GMOサイバーセキュリティ byイエラエ株式会社(以下、GMOサイバーセキュリティbyイエラエ)の現場メンバーにフォーカスした*パートナーインタビュー企画。
今回は、前回「これまでのキャリア」についてインタビューをさせていただいた福森さんに、「ランサムウェア」をテーマにお話を伺いました。
インターポール(国際刑事警察機構)への出向経験を持ち、サイバー犯罪の最前線で活躍してきた福森さんに、ランサムウェアとは何か、なぜ被害が拡大しているのか、そして被害を防ぐために私たちができることについて、専門家ならではの視点で語っていただいています。
前回のインタビュー記事はこちらからご覧ください。
*GMOインターネットグループでは社員・従業員をパートナーと呼んでいます。
ランサム(ransom)は身代金という意味です。攻撃者は企業のデータを盗み出して暗号化して使えなくします。そして「元に戻して欲しければお金を払え」と要求してくるんですよね。この仕組みが誘拐の身代金と類似していることから、ランサムウェアと呼ばれています。
この犯罪自体は昔からありはしましたが、「データを暗号化した」と言いながら実際は暗号化できていないケースも多くありました。深刻な問題というよりも、困ったいたずらレベルのものだったんです。対処すべき問題として捉えられるようになってきたのは、ここ10年くらいです。
それに伴って、被害に遭う企業の属性も変わってきました。ランサムウェアが行われるようになってすぐの頃は、被害に遭う企業の大半がセキュリティ対策が十分にできていなかった企業でした。しかし近年は、セキュリティ対策に億単位のお金をかけて対策をしているであろう企業でも被害に遭うようになってきています。近年大きく報道されている企業のインシデント事例もこのケースです。
端的に言うと、攻撃者側の手口がどんどん巧妙になってきているからです。まず、ここ数年で攻撃者が圧倒的に増えました。
ランサムウェア攻撃を行う組織では、近年、自分たちで攻撃するのではなくてフランチャイズ的な展開をしています。この組織はロシアにあると言われていますが、一番の大元はロシアだったとしても、世界中誰でも、条件を満たしさえすればこの組織の一員として働くことができるんです。
コロナ禍で失業者が急増したことを機に、このフランチャイズに加わる攻撃者が大幅に増加しました。またここ数年は、AIによる失業者も発生していて、攻撃者の増加に拍車をかけています。失業してしまった。このままでは、住むところも食べるものもなくなってしまう。死ぬかもしれない。それなら、死ぬ前に一か八かやってみるかと犯罪に手を染めてしまうという人が増えています。これが、ランサムウェア攻撃が過激になった要因のひとつではないでしょうか。

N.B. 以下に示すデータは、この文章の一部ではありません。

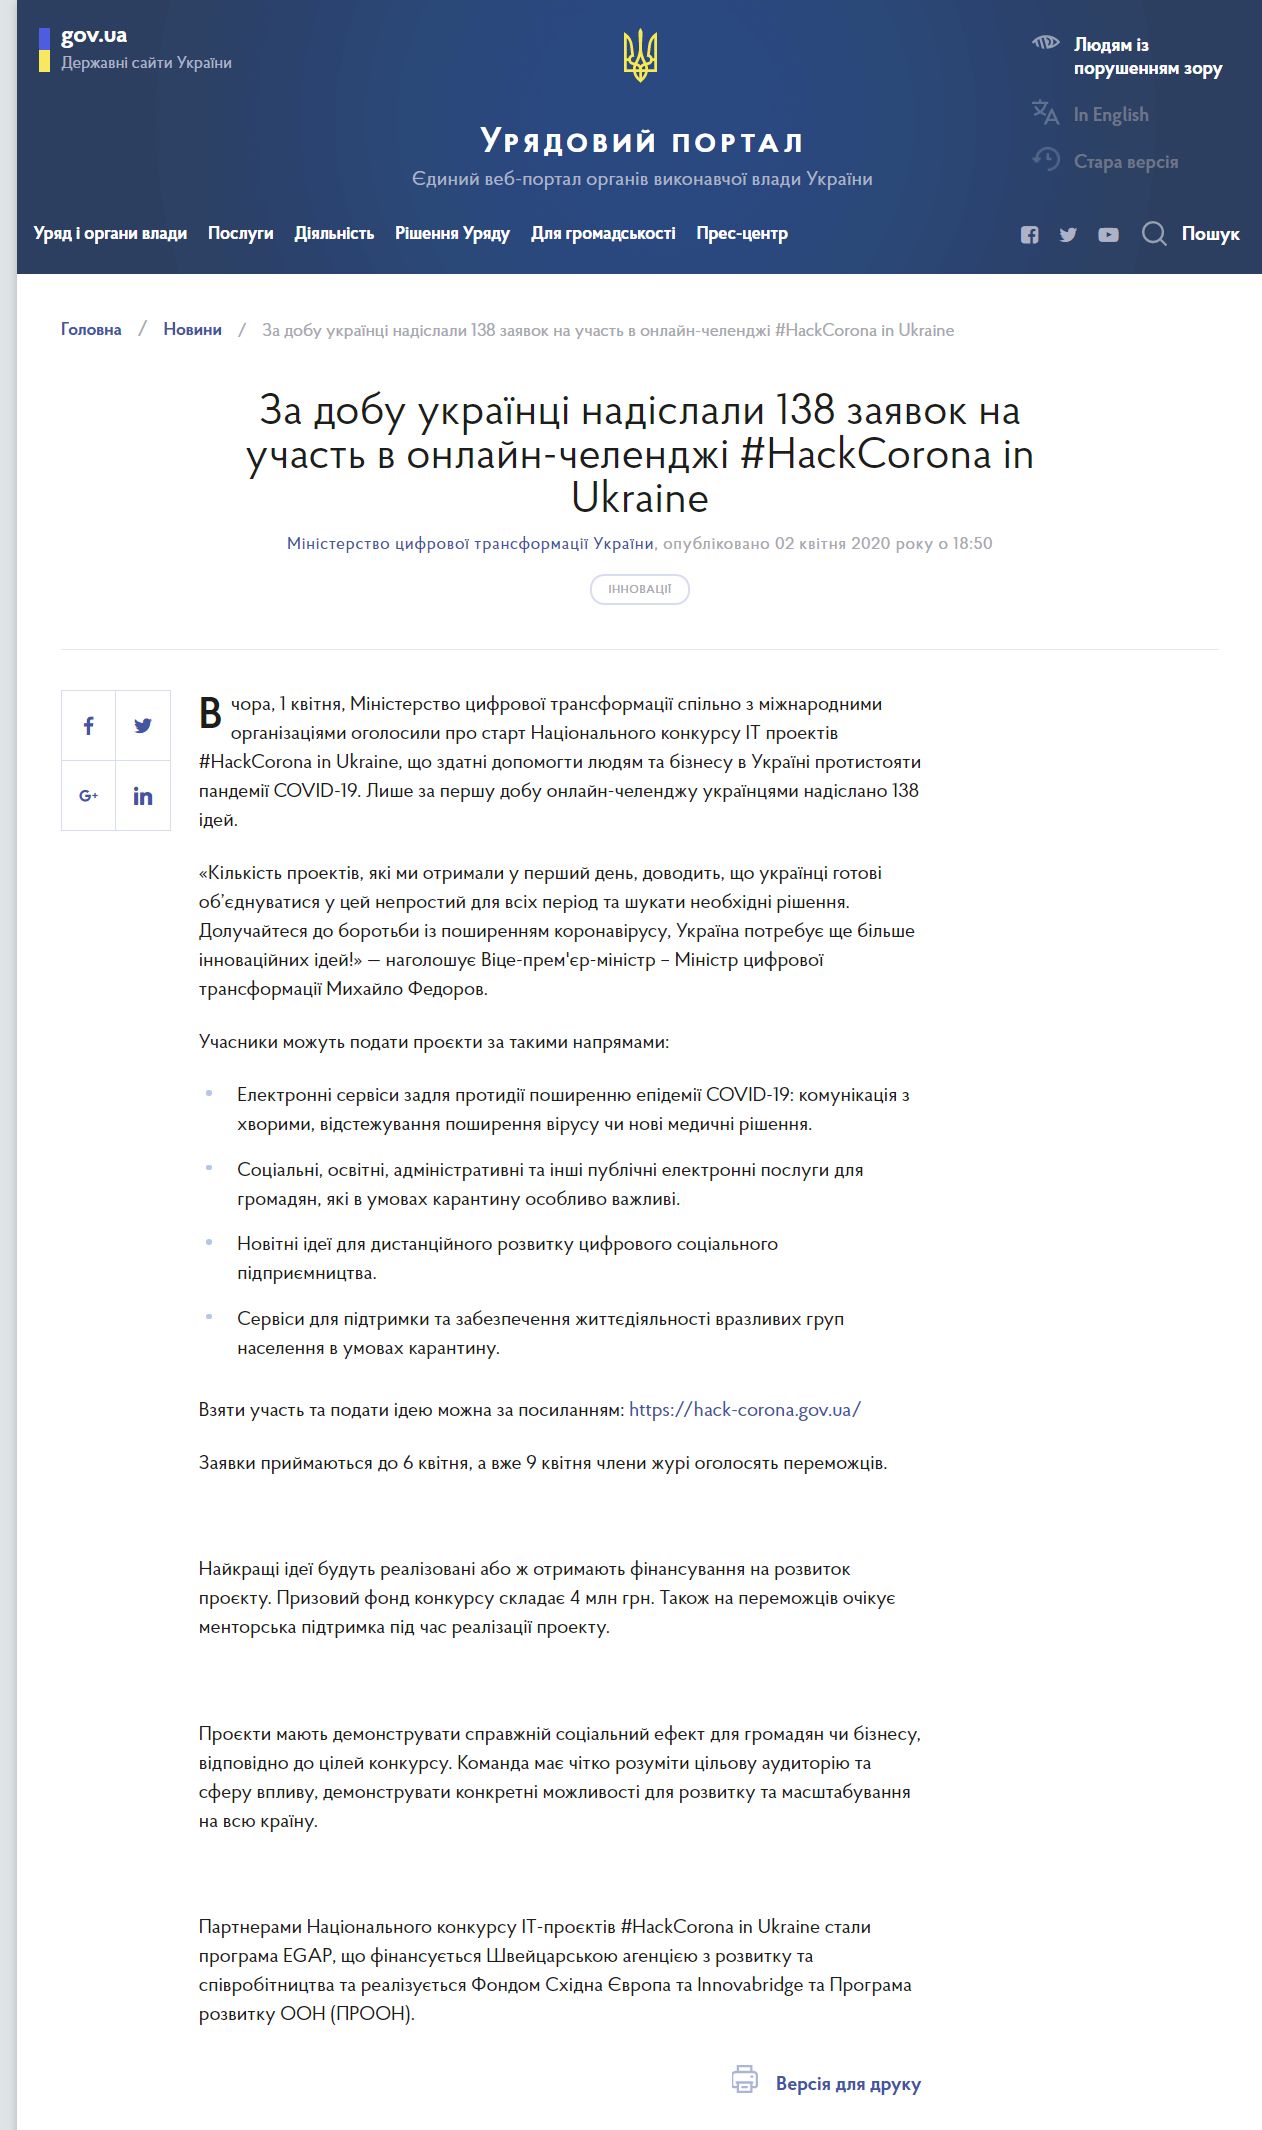 https://www.kmu.gov.ua/news/za-dobu-ukrayinci-nadislali-138-zayavok-na-uchast-v-onlajn-chelendzhi-hackcorona-ukraine

また、ランサムウェアの攻撃者たちはものすごく研究熱心です。たとえば、誰かが逮捕されたとすると、なぜ逮捕されたのかを徹底的に分析し、二度と同じ轍を踏まないように対策しようとするんです。
警察側は、攻撃者の小さなミスをどうにか見つけて逮捕しようとしますが、一度逮捕してしまうとその手法は広まって対策されてしまうので、同じ手法は使えません。これがランサムウェアを捜査する上での難しさと言えます。
さらに、攻撃者の技術もどんどん向上しています。たとえば、VPNの脆弱性からランサムウェアを仕掛けるケースを例にお話します。

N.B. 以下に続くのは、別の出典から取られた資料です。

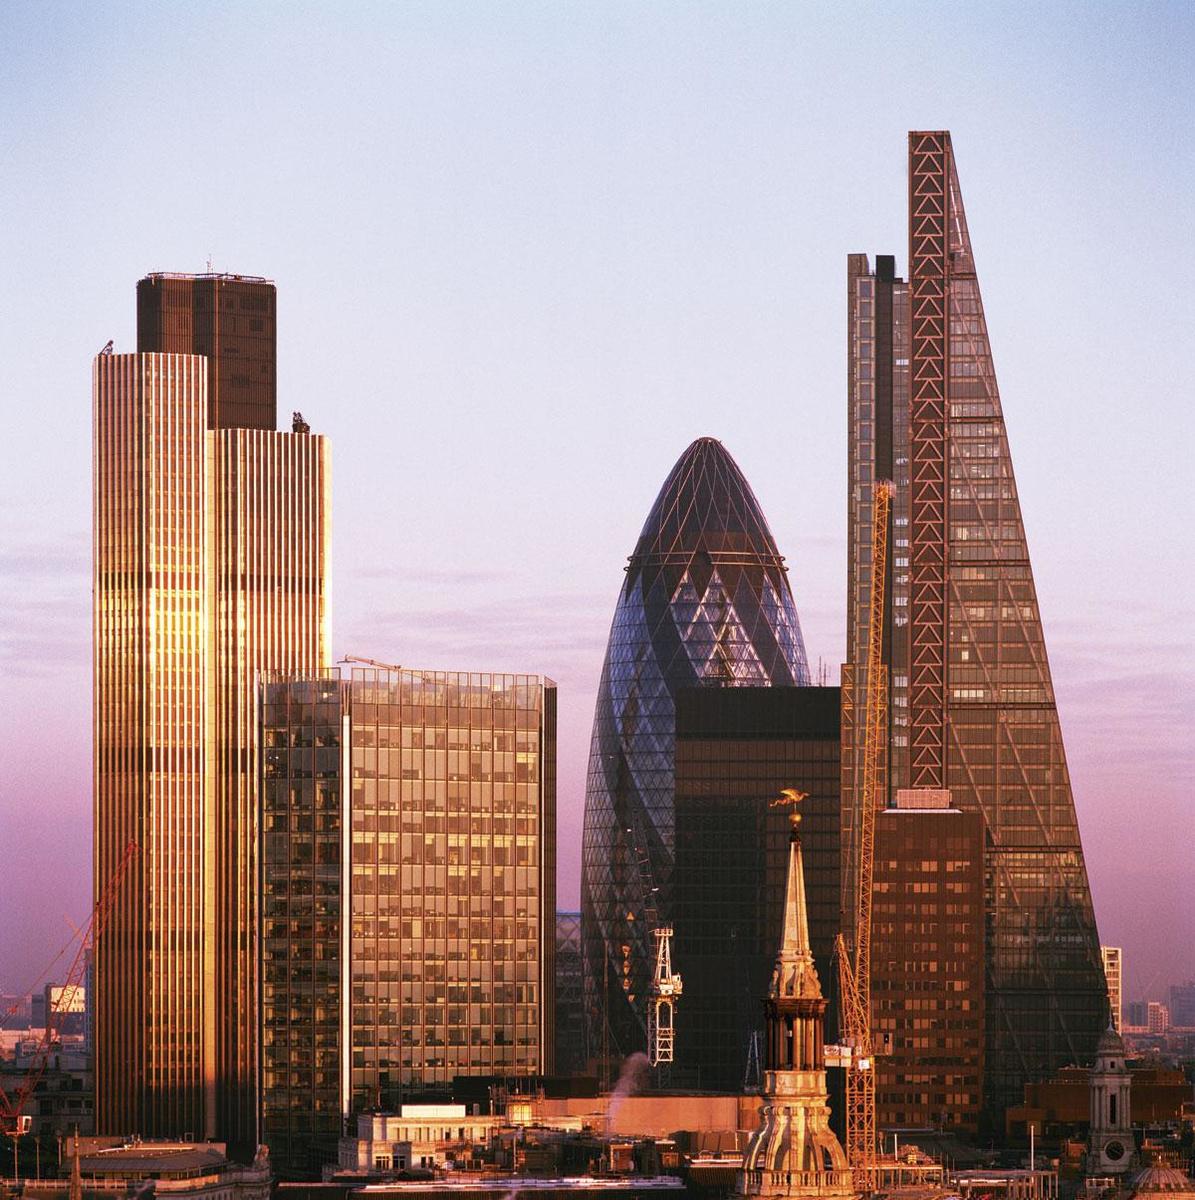 DE CITY Europa heeft niet de juiste mensen of voldoende kennis om de rol van Londen als financieel centrum over te nemen.

セキュリティパッチがリリースされたら、攻撃者たちはすぐさまその脆弱性を悪用するためのコードを開発し始めます。一方の企業側では、攻撃を回避するためのセキュリティパッチを適用しなくてはなりません。攻撃者がコードを完成させるのが早いか、企業側がパッチを適用するのが早いかの競争です。例えば1年間に5回セキュリティパッチが出るとしたら、守る側はその競争に5勝0敗でなければいけない。4勝1敗だったら企業側の負けなんです。
現在は、5日以内にパッチを適用できないと攻撃されてしまうと言われています。さらにAIなどを背景にした攻撃者の技術向上により、この期間はどんどん短くなっています。大企業の場合、組織が大きいゆえに意思決定プロセスが複雑なためにどうしても初動が遅くなりがちなことも、被害に遭ってしまう要因のひとつかもしれません。
VPN・・・インターネット上の通信を保護し、第三者から情報を守るための技術
セキュリティパッチ・・・OSやソフトウェアの弱点である脆弱性を修正するプログラム
企業の経営に大きな打撃を与える、看過できない問題ですよね。とある大手企業では売上が9割も減ってしまったと報道で目にしました。同社は体力のある会社なので、もちろん厳しい状況ではあるでしょうが、持ち堪えられていると思います。しかし、そうではない大半の会社では倒産に追い込まれることもあるでしょう。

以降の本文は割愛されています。